Webhooks are special connectors with an associated external url. Users can send data to their topics via a HTTP POST request.

 

Webhook Configuration

The webhook configuration file has the following structure:

meta:
  name: my-webhook        # required
  topic: my-webhook       # required
  logLevel: debug         # default: info, options: [trace, debug, info, warn, error]
  secrets:                
    - name: my-key
  producer:               
    linger: 100ms
    batch-size: 1mb
    compression: snappy    # default: none, options: [none, gzip, snappy, lz4, zstd]
webhook:                  
  outputParts: full        # default: body, options: [full, body]
  outputType: json         # default: text, options: [text, json]
  outputUri: full          # default: none, options: [full, none, path, query]
transforms:               
  - uses: infinyon/[email protected]
    with:
      key: ${{ secrets.my_key }}

The minimum configuration has needs the top 2 requred fields: name and topic. The name is the name of the webhook, and the topic is the topic that the webhook will publish to.

 

Create a simple Webhook

Let’s create an example configuration file

# example-webhook.yaml
meta:
  name: my-webhook
  topic: my-webhook-topic 

Add a webhook to InfinyOn Cloud

$ fluvio cloud webhook create --config example-webhook.yaml

Your output should look similar to this. We’ll cover sending data to this url.
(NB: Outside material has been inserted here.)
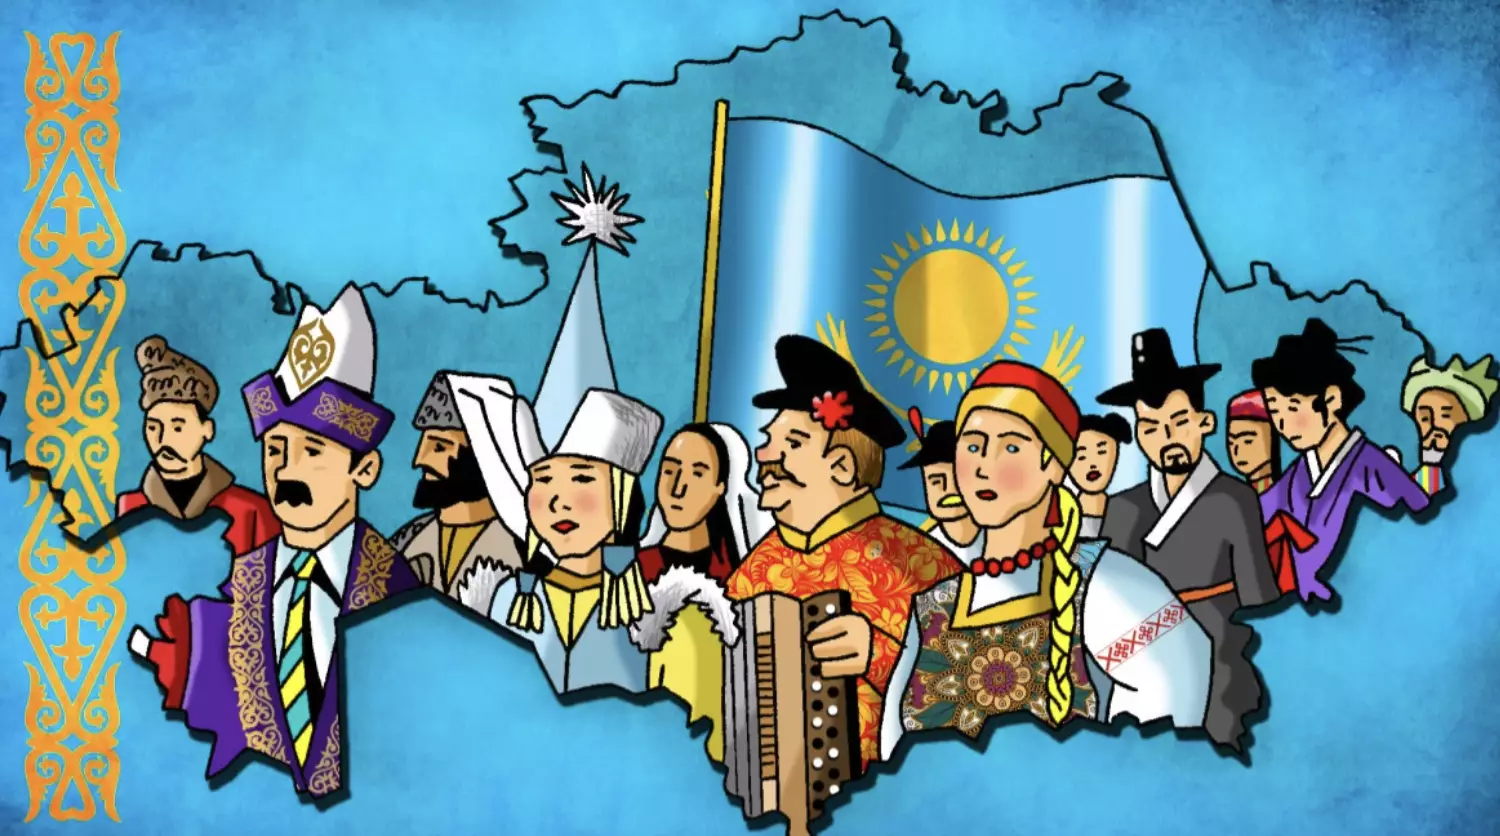 Праздник единства народа отмечают в Казахстане

Webhook "my-webhook" created with url: https://infinyon.cloud/webhooks/v1/[random string]

If you need this url again, you can run this command to list your webhooks, and their urls.
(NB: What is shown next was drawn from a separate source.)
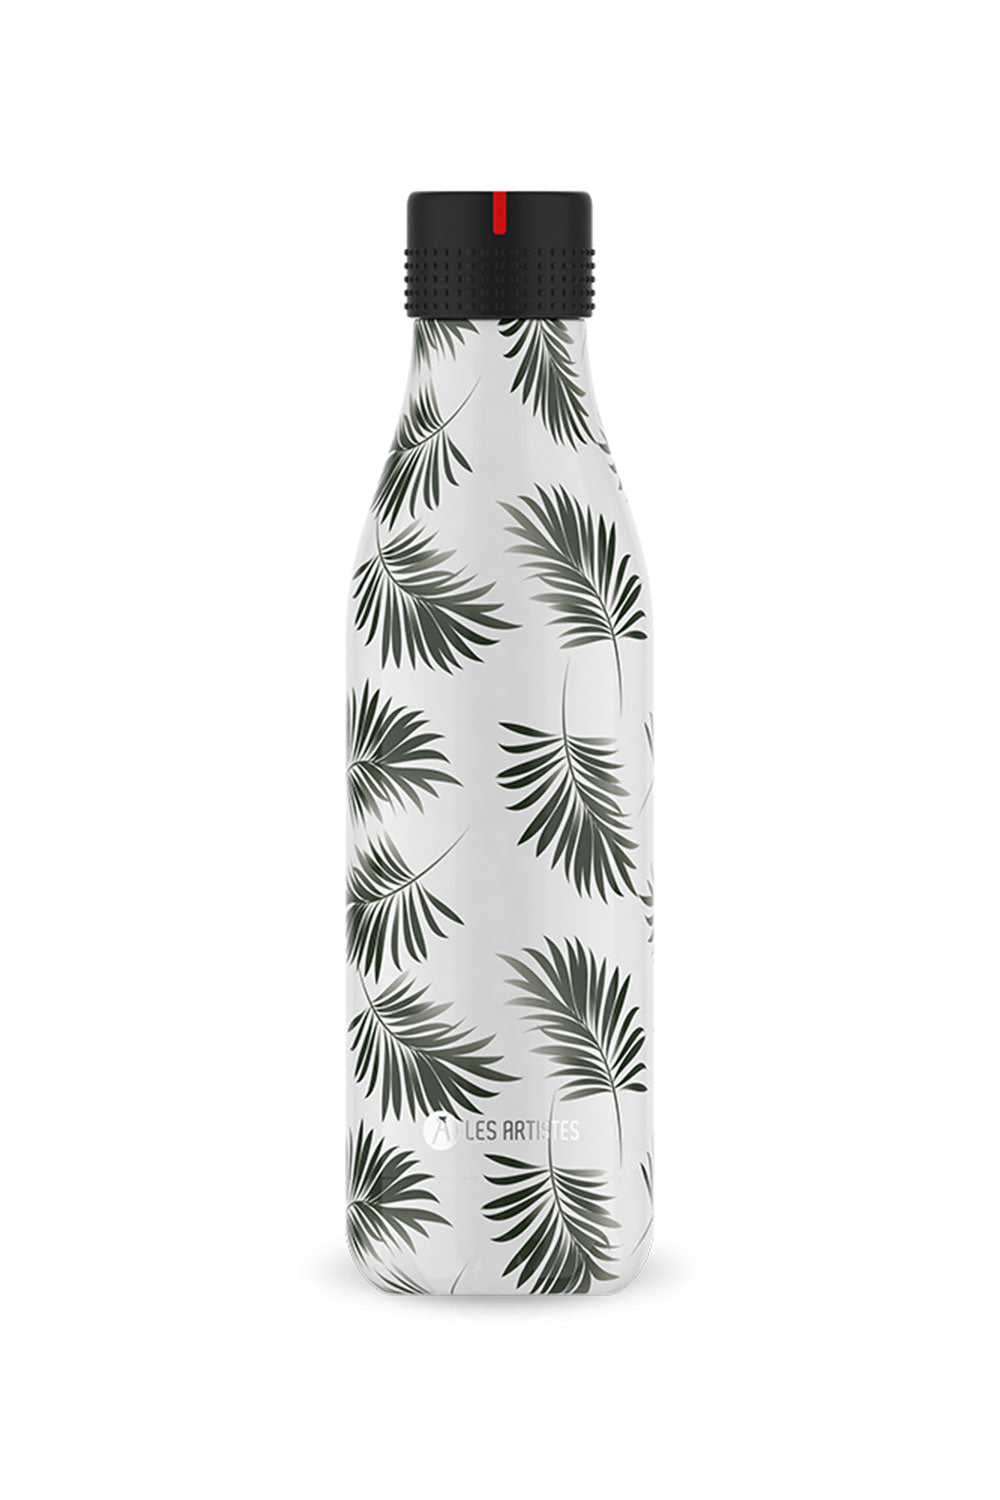 Seychelles Bril Bottle, 500ml - Maison7

$ fluvio cloud webhook list

Example output

 NAME        TOPIC             URL                                                      
 my-webhook  my-webhook-topic  https://infinyon.cloud/webhooks/v1/[random string]
 

Send data to webhook

We’ll be sending json data {"key": "value"} to our webhook using curl. Replace the url so [random string] matches your unique url. Keep this command close because we’ll refer to this example curl command later.
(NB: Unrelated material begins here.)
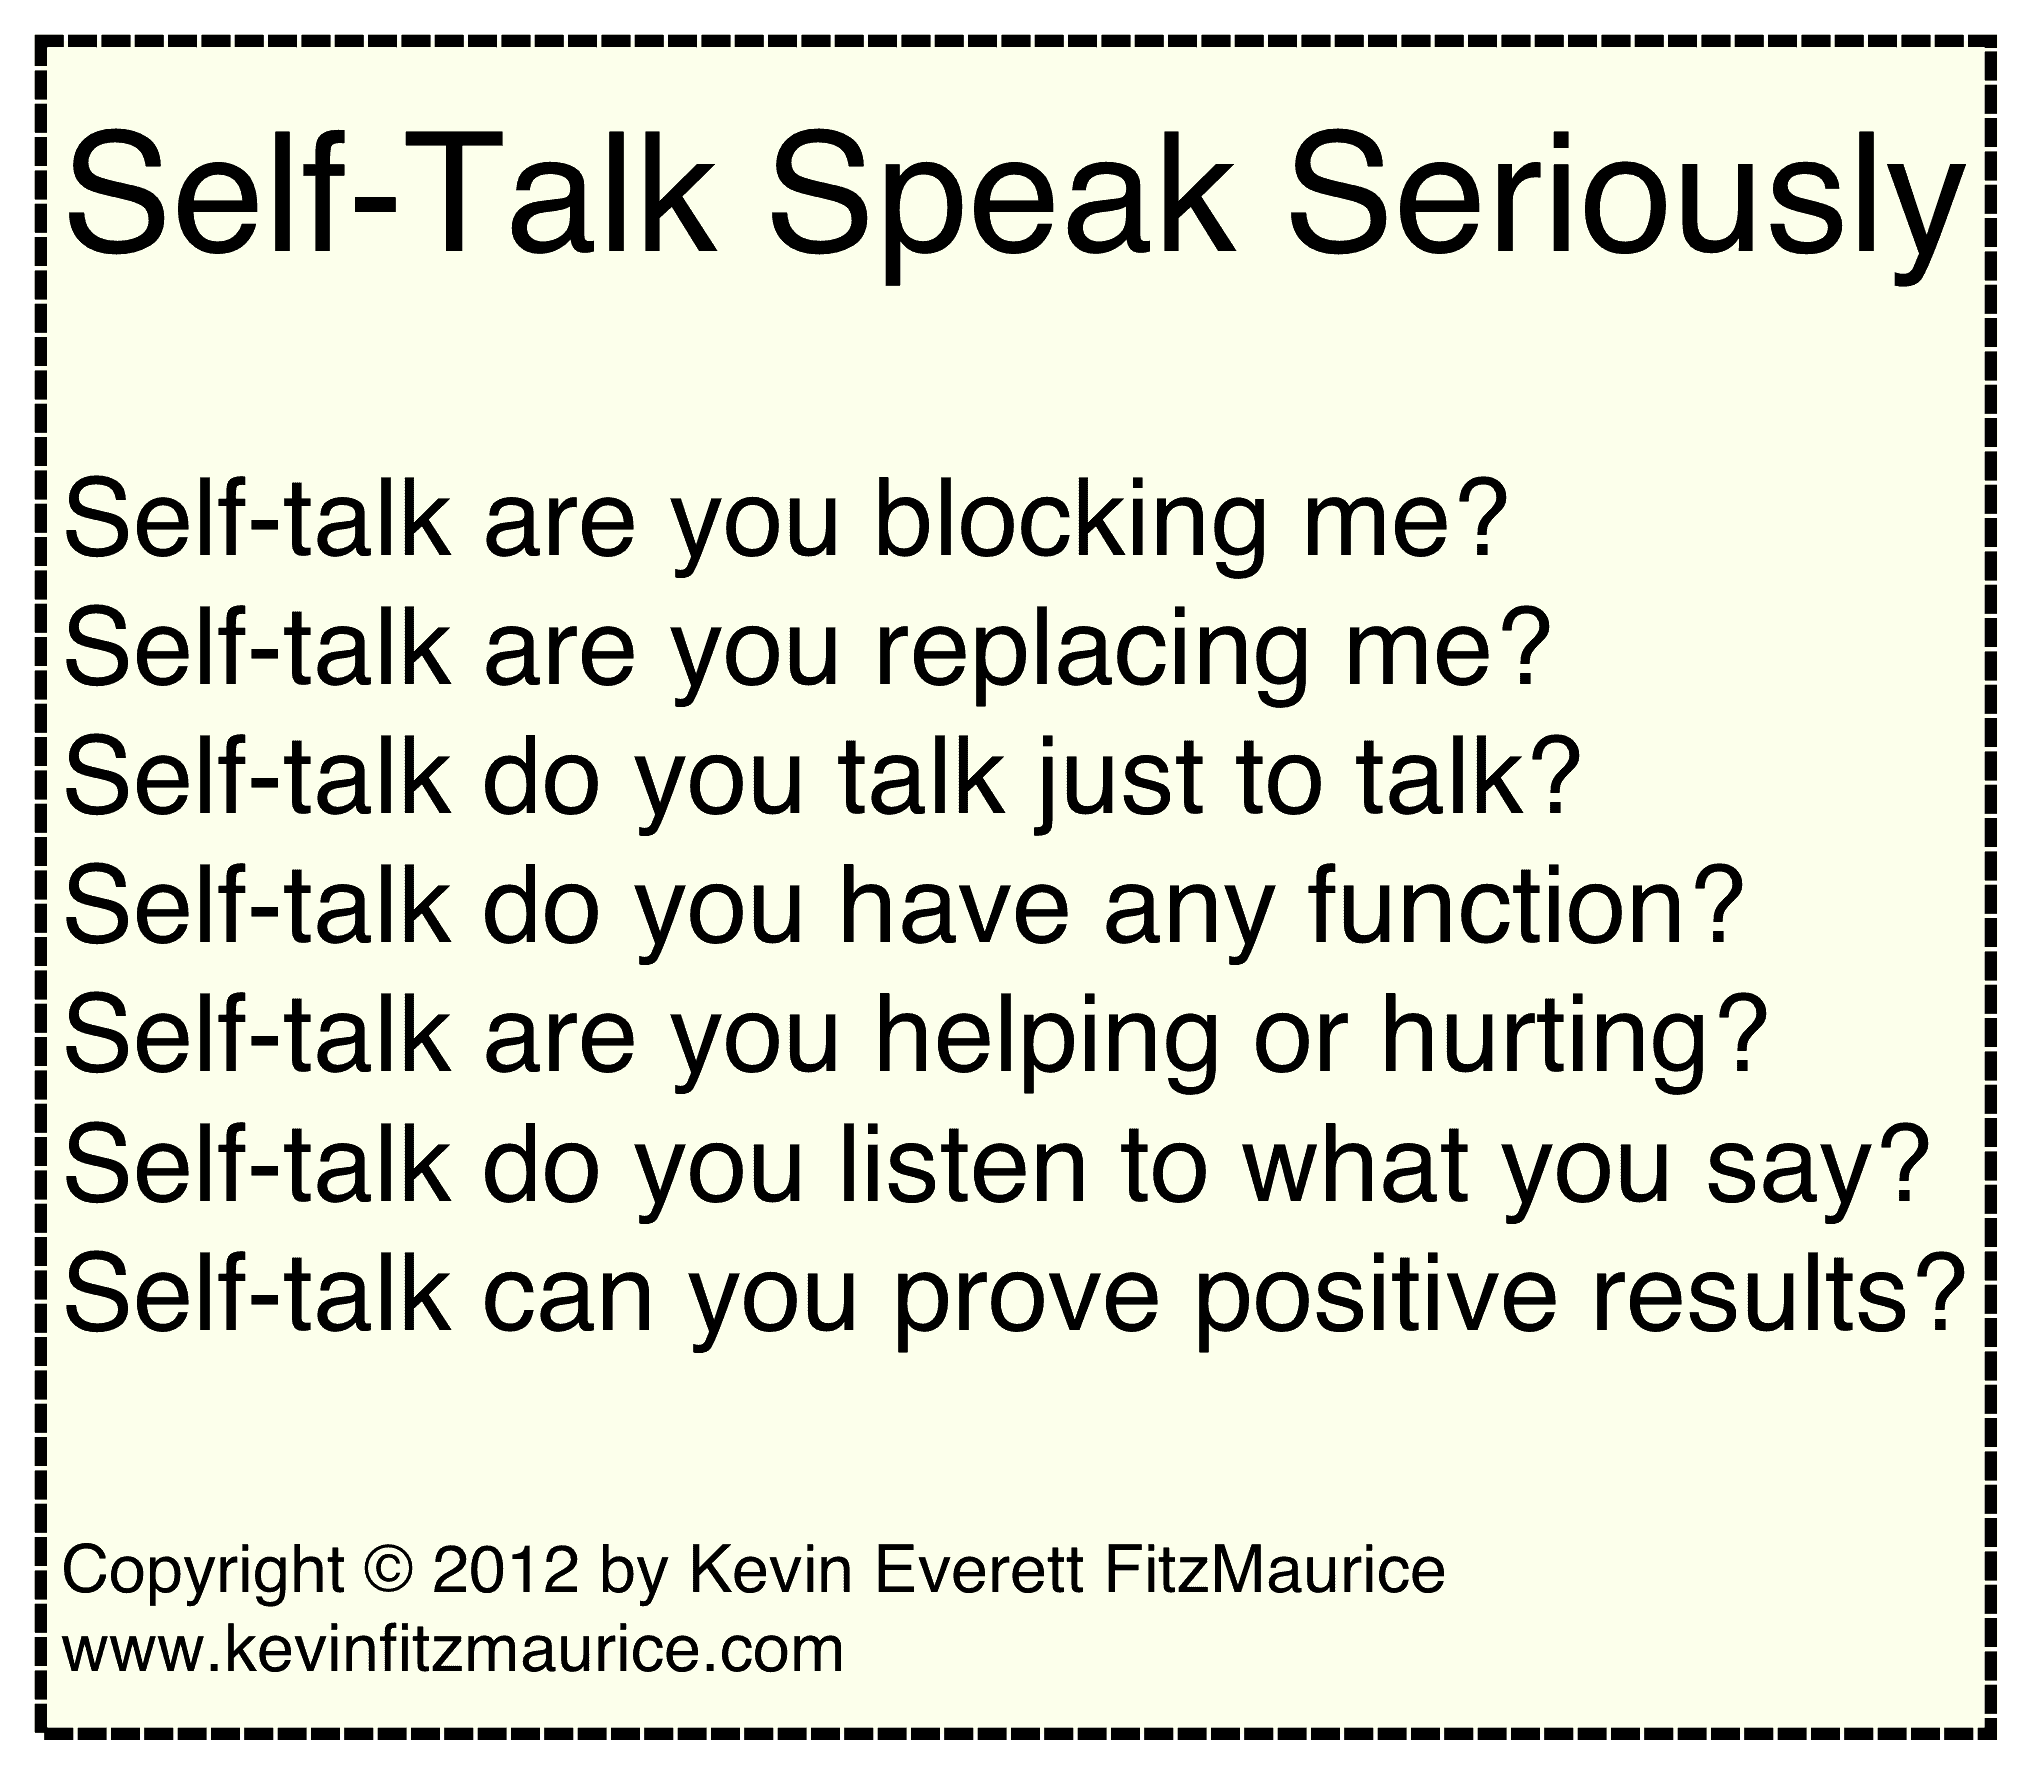 self-talk is madness

$ curl -v -X POST -d 'Hello World!' https://infinyon.cloud/webhooks/v1/[uri-key]

In another terminal, star a consumer that reads form the beginning:

$ fluvio consume my-webhook-topic -B

We should see the folloing output:

Hello World!
 

Create a JSON Webhook and embed HTTP parts

Next we’ll send json records, but before we do that we’ll modify outputParts, outputType, and outputUri in the example-webhook.yaml configuration file:

# example-webhook.yaml
meta:
  name: my-webhook
  topic: my-webhook-topic 

webhook:
  outputParts: full
  outputType: json
  outputUri: full

Run this command to update your webhook.

$ fluvio cloud webhook update --config example-webhook.yaml
Webhook "my-webhook" updated

Let’s restart the consumer to a JSON formatter:

$ fluvio consume my-webhook-topic -O json

Run another curl with a json payload:

$ curl -v -X POST -H "Content-Type: application/json" -d '{"key": "value"}' https://infinyon.cloud/webhooks/v1/[uri-key]

The consumer should now show the following output:

{
  "body": {
    "key": "value"
  },
  "headers": {
    "accept": "*/*",
    "accept-encoding": "gzip, br",
    "content-length": "16",
    "content-type": "application/json",
    "host": "infinyon.cloud",
    "user-agent": "curl/7.87.0",
    "x-forwarded-for": "..."
  },
  "path": "",
  "query": ""
}
 

Conclusion

You now know how to create and configure the output of Webhooks. Check out the Webhook Config reference to see how to configure other transformations.